Now that a few years have passed since the LORAN-C budget was killed, it might be a good time to revisit that decision. Unlike other decisions, this one might conceivably be undone; there hasn’t been the widespread demolition of resources (e.g., towers, transmitters) followed by restoration of sites. Something else, though, did occur: recent success achieved by cooperative effort between the Coast Guard and UrsaNav Inc.

For brevity here it suffices to make a few surface-scratching notes. The vast majority of us in the navigation community recognized the potential benefit of LORAN (and an extended form eLORAN) as a crucial backup — at extremely low cost — to be used when GPS is unavailable.  Many of us, furthermore, anxiously pressed for sanity (e.g., my “2-cents worth” written, to no avail, in 2009).

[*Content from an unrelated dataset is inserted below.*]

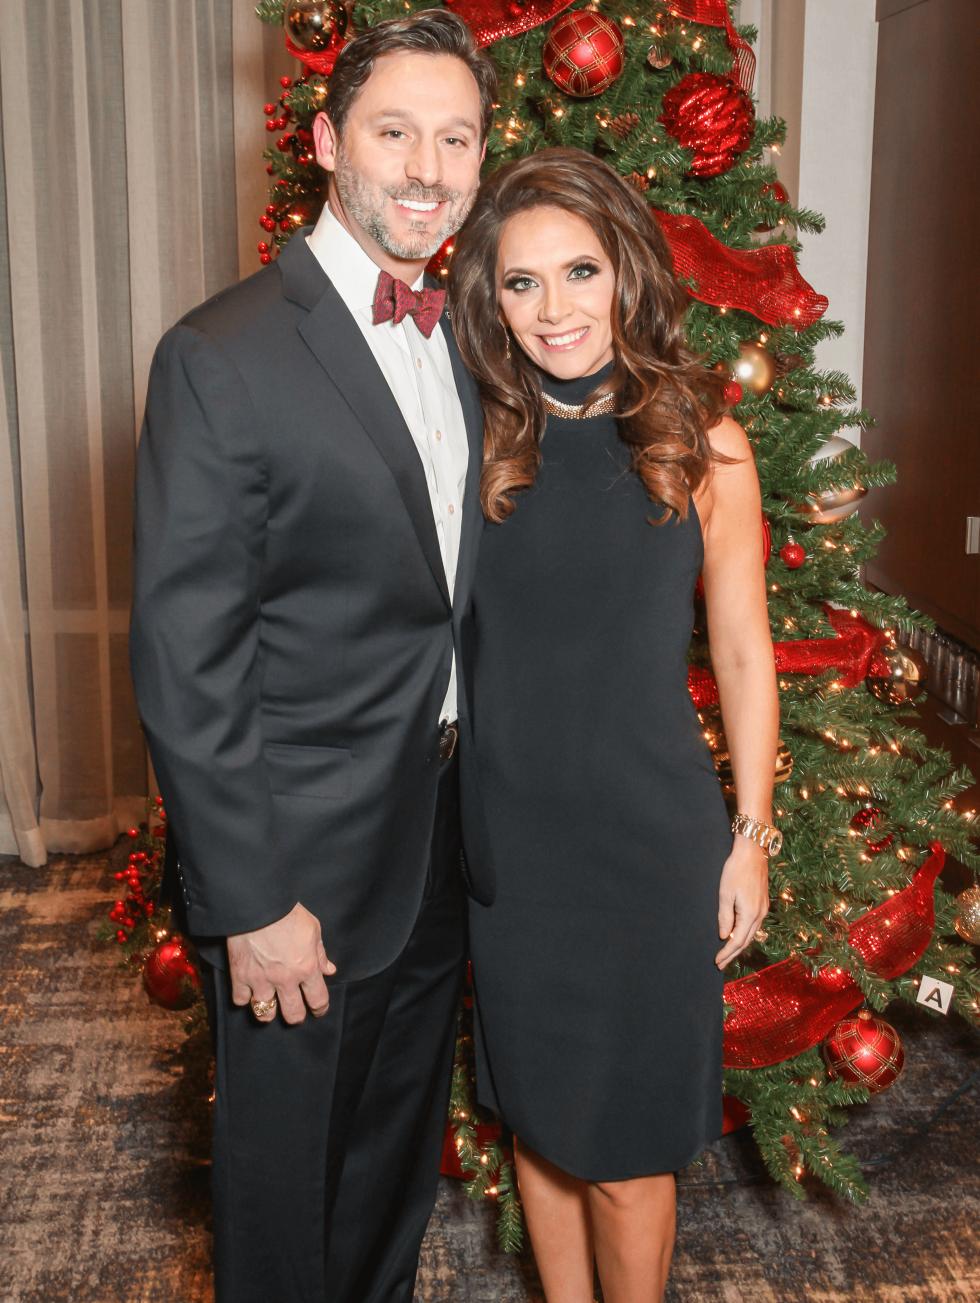 Houston, Social Book Houston Treasures, Dec 2016,  Brad Marks, Joanna Marks

What’s different now, conceivably, is a combined effect of multiple factors:
* The USCG/UrsaNav success surpassed goals that had been stated earlier.
* Awareness of GPS vulnerability (therefore need for backup) has increased.
* Delay in follow-through (site restoration) offers the chance for a remedy.

An utterance appearing in Coordinates Magazine’s March 2012 cover story was reached from a different context, but its importance prompted me to cite it in the April 2012 cover story — and to repeat it here: “Do we really need to wait for a catastrophe before taking action against GNSS vulnerabilities?”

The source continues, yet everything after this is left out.